Unsupervised Machine Learning
In contrast to supervised, unsupervised ML algorithms make inferences from events without prior classification or labels. They infer a function, usually based on some distance metric, to discover a hidden structure from unlabeled data. An expert can thus derive meanings that lead to new insights. An example is to use historical wireline log data to compartmentalize a reservoir into zones based on the density of the data points. An expert may then interpret the sections as different lithologies. A typical application of this is clustering.
Hybrid Machine Learning
Hybrid or mixed ML algorithms combine supervised and unsupervised methods to solve a problem especially where there are uncertainties in human knowledge. Either one could come first. A typical application could start with supervised learning and the predicted output could then be clustered to reveal certain hidden patterns. Another application could start by assigning clusters to an input data to generate an output that will form the basis for a new prediction to achieve a supervised learning objective.
Kick-Starting a Career in Artificial Intelligence
Getting started with a new venture involves two major steps: acquiring knowledge and applying the knowledge through practical implementation. Some of the basic requirements to learn AI include a knowledge in statistics, probability theory, mathematics (linear/non-linear algebra), and programming. The first step to practicing AI is to take relevant courses. Available learning platforms include Udemy, Coursera, Edx, and Springboard. It is strongly recommended to lay hands on practical applications to solidify the foundational training in these courses.
Investing in relevant books on probability, statistics, mathematics, and coding would complement the courses.
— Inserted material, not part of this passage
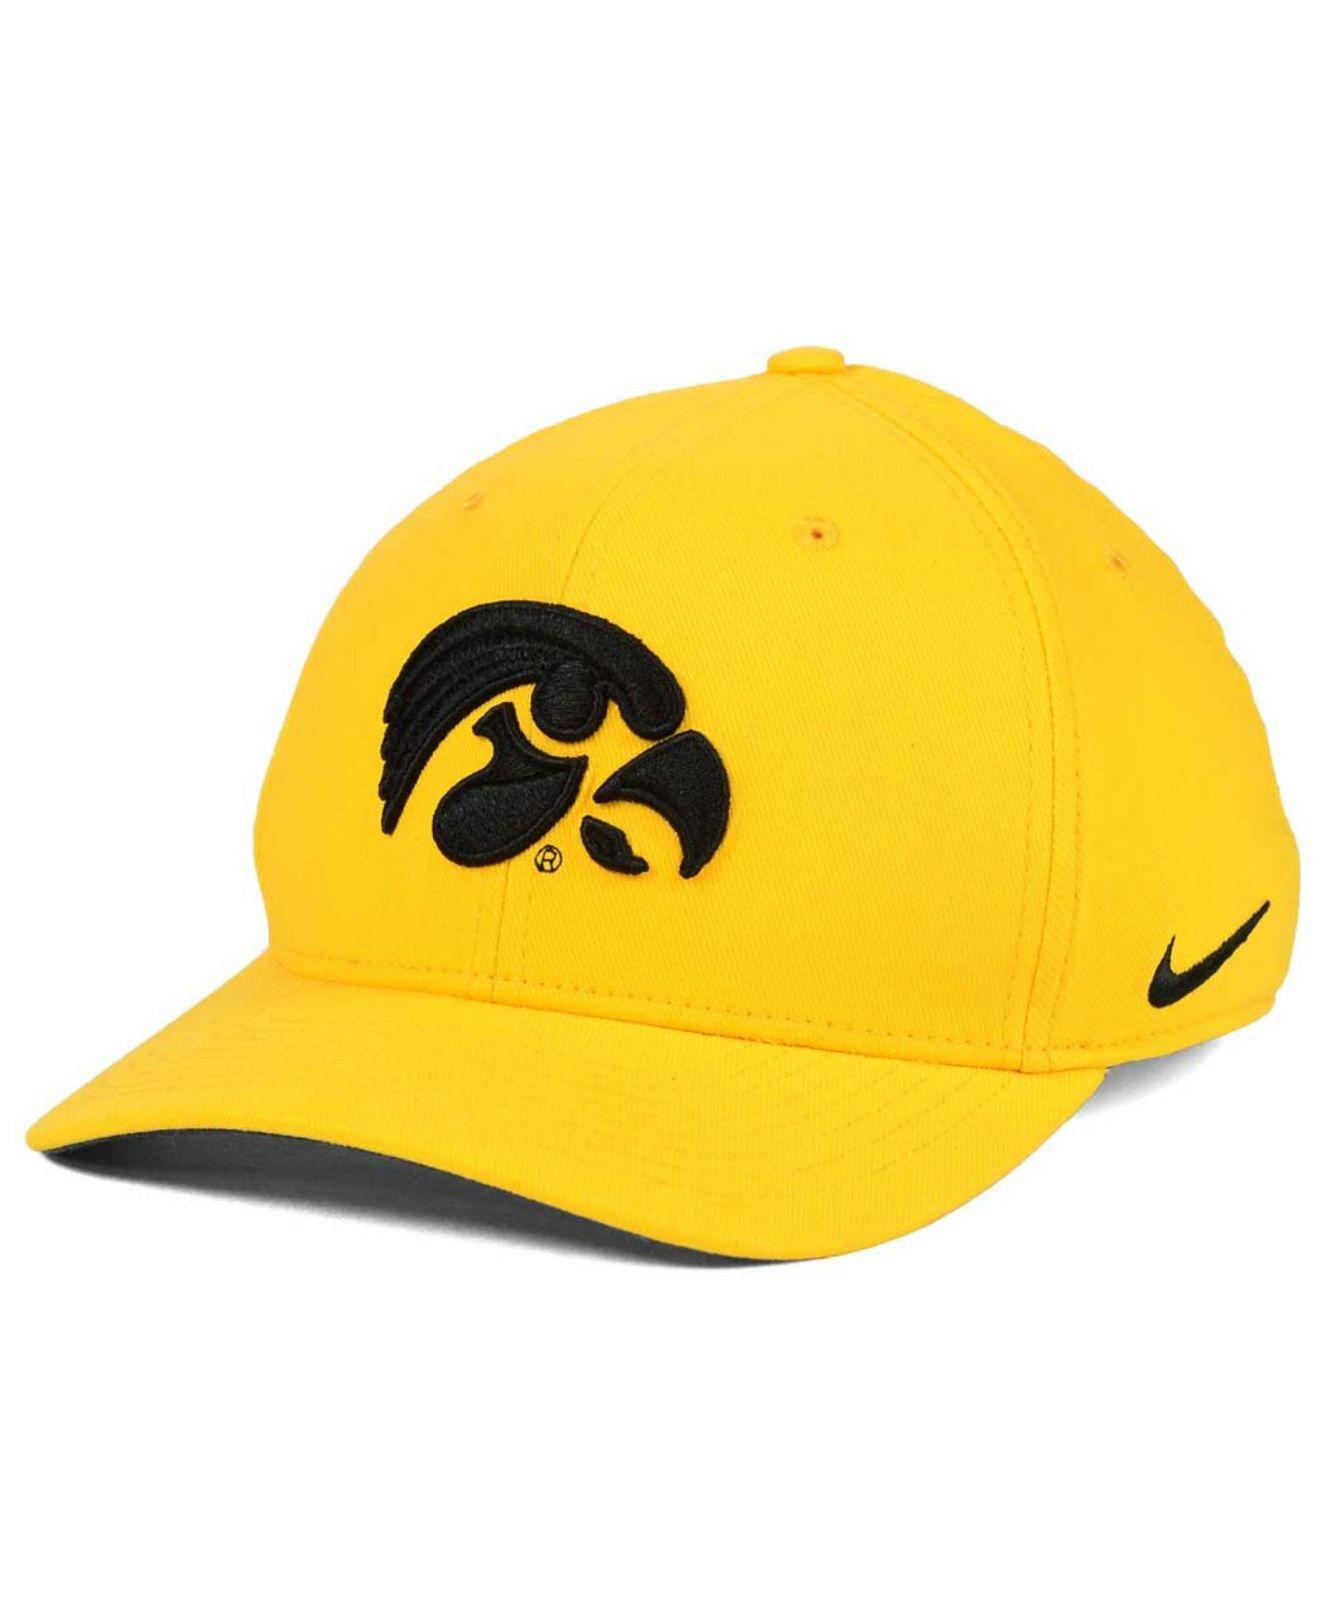 finest selection 18a50 eddd6 Lyst - Nike Iowa Hawkeyes Classic Swoosh Cap in Yellow for Men

Working on as many projects as possible and collaborating with other AI enthusiasts would help to accelerate the learning curve. Participating in ML competitions, hackathons, and datathons could also help.
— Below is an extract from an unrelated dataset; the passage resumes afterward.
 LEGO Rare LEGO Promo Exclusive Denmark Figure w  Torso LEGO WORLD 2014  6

AI, along with other technologies, sprang from the emergence of the fourth industrial revolution. AI technologies are here to stay and have become part of our personal lives and business processes. Industries, including oil and gas, are already experiencing transformation. There are still challenges to be addressed with more research, innovative thinking, and collaborative efforts.
Starting with AI and any of its elements is not difficult. The journey of a thousand miles starts with one bold step. Training, followed by practical implementation, will help make your journey from an enthusiast to expert easy.